The judgment of the trial court, insofar as it divests any of the eight surviving brothers or sisters of Anna Kallina Kuehn of an undivided one-eighth fee interest in surface tract No. 9 and an undivided one-eighth fee interest in that mineral estate previously conveyed to Frances Kallina Kuehn by the source deed, must be reversed.

Rule 434, Texas Rules of Civil Procedure, requires rendition of such judgment as the trial court should have rendered upon reversal except when it is necessary that some matter of fact be ascertained. In the instant case partition of surface tract No. 9 was prayed for and it cannot be determined by this Court whether or not such tract is susceptible of partition in kind or whether it is incapable of partition in kind and must be sold. Generally, where the evidence is conflicting or admits of more than one inference it is a *10question of fact for the jury or the trier of facts whether or not a partition in kind is feasible or a sale for division necessary. Adams v. Adams, Tex.Civ.App., 205 S.W. 2d 801, no writ hist.; Burton v. Williams, Tex.Civ.App., 195 S.W.2d 245, writ ref., n. r. e.; Robertson v. Robertson, Tex.Civ. App., 425 S.W.2d 707, no writ hist. It is for this reason that a portion of the judgment of the trial court must be reversed and remanded.

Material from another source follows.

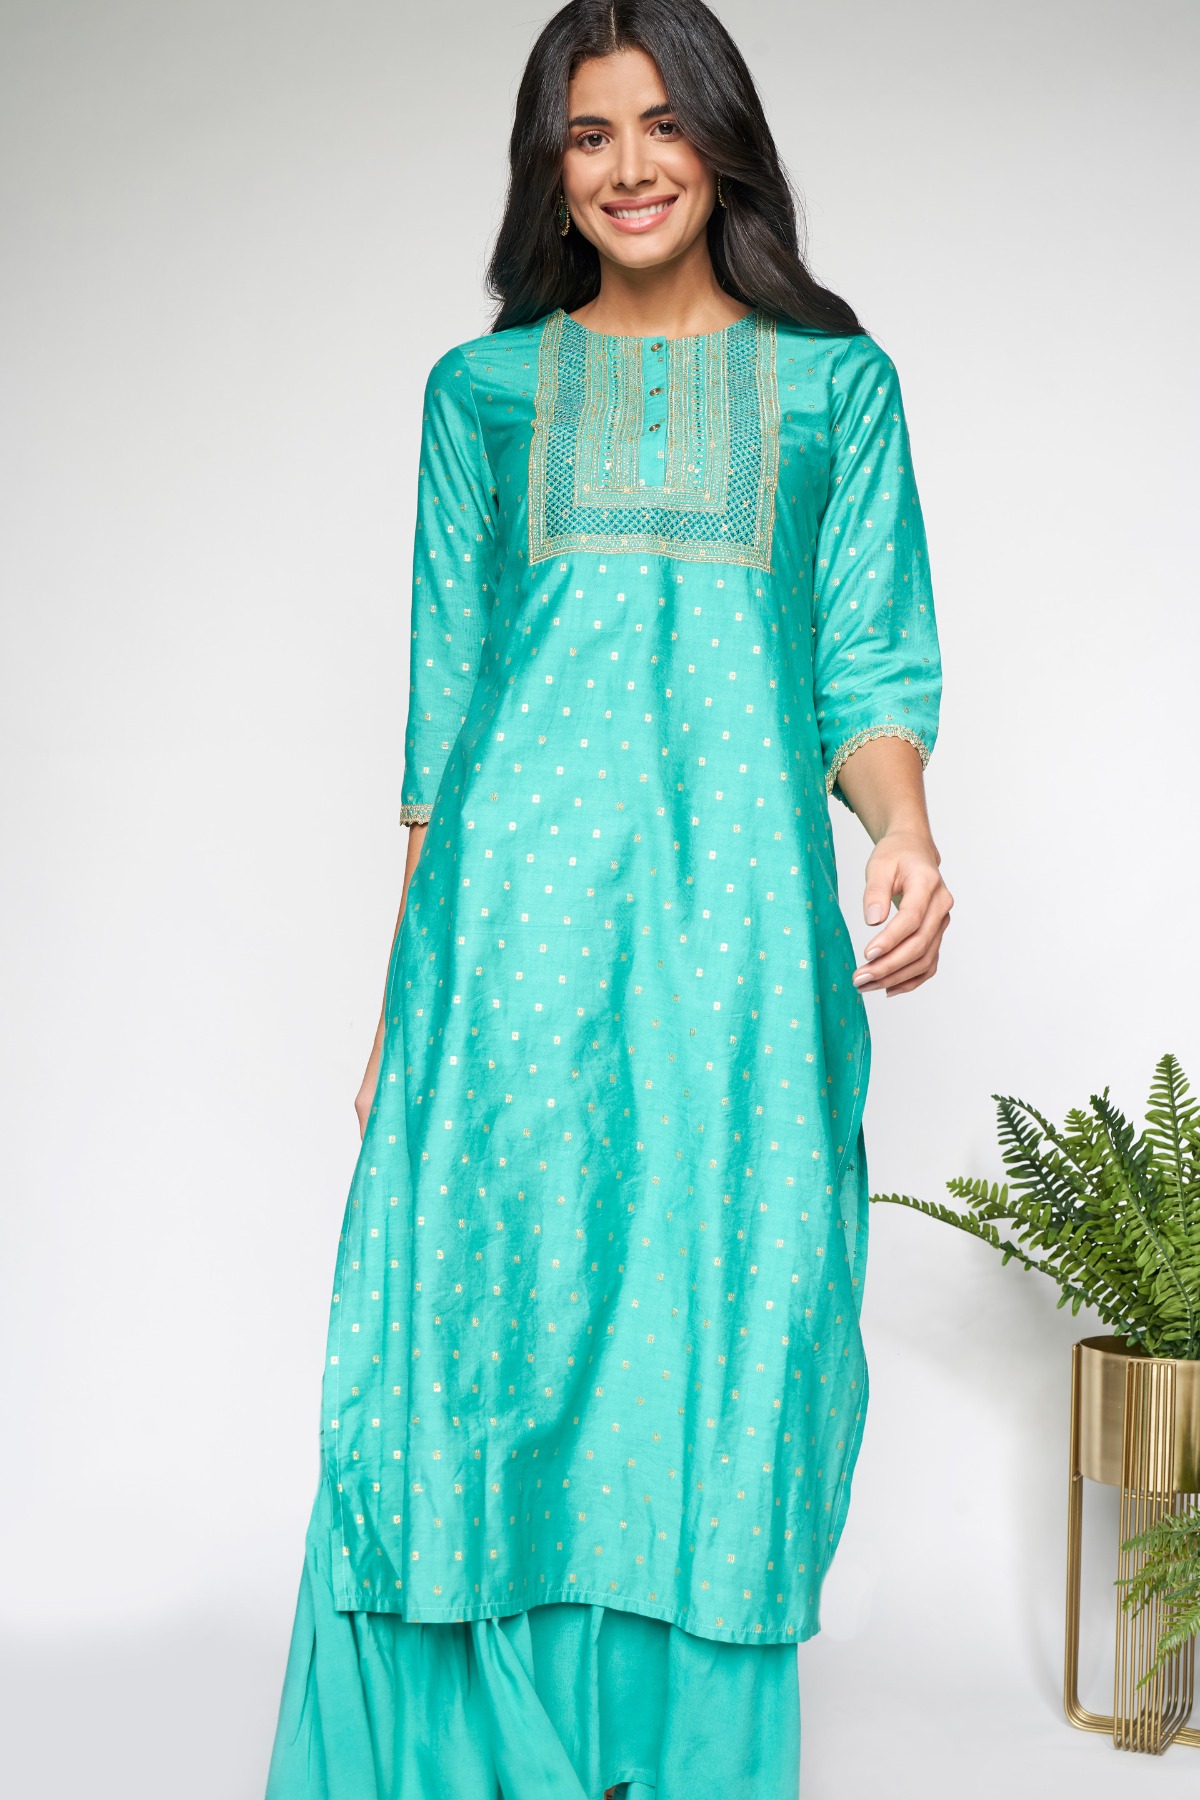 Buy GLOBAL DESI Embroidered Viscose Boat Neck Women's Top | Shoppers Stop

The interests in tract No. 9 and the accompanying undivided mineral interests arise from separate and distinct transactions, however. It is an interest which is severable from the other. Rule 434, T.R. C.P. Therefore, insofar as the trial court’s judgment affects this tract and interest it, and it alone, will be reversed and remanded. Schuster v. Bauman Jewelry Co., 79 Tex. 179, 15 S.W. 259 (Sup.Ct. 1890); Cooper v. Lee, 75 Tex. 114, 12 S. W. 483 (Sup.Ct.1889); Skelly Oil Co. v. Archer, 163 Tex. 336, 356 S.W.2d 774 (Sup.Ct.1962).

Cross points of error of the defendants (and intervenors) are overruled. We note in this connection only that there is no violation of the rule against perpetuities in the source deed. “A perpetuity has been defined as a limitation which takes the subject-matter of the perpetuity out of commerce for ■ a period of time greater than a life or lives in being, and 21 years thereafter, plus the ordinary period of gestation.” Neely v. Brogden, 239 S.W. 192, 193 (Comm.App.1922). Each of the named grantees in the source deed represented “lives in being.”

Judgment of the trial court is affirmed in part, and reversed and remanded in part.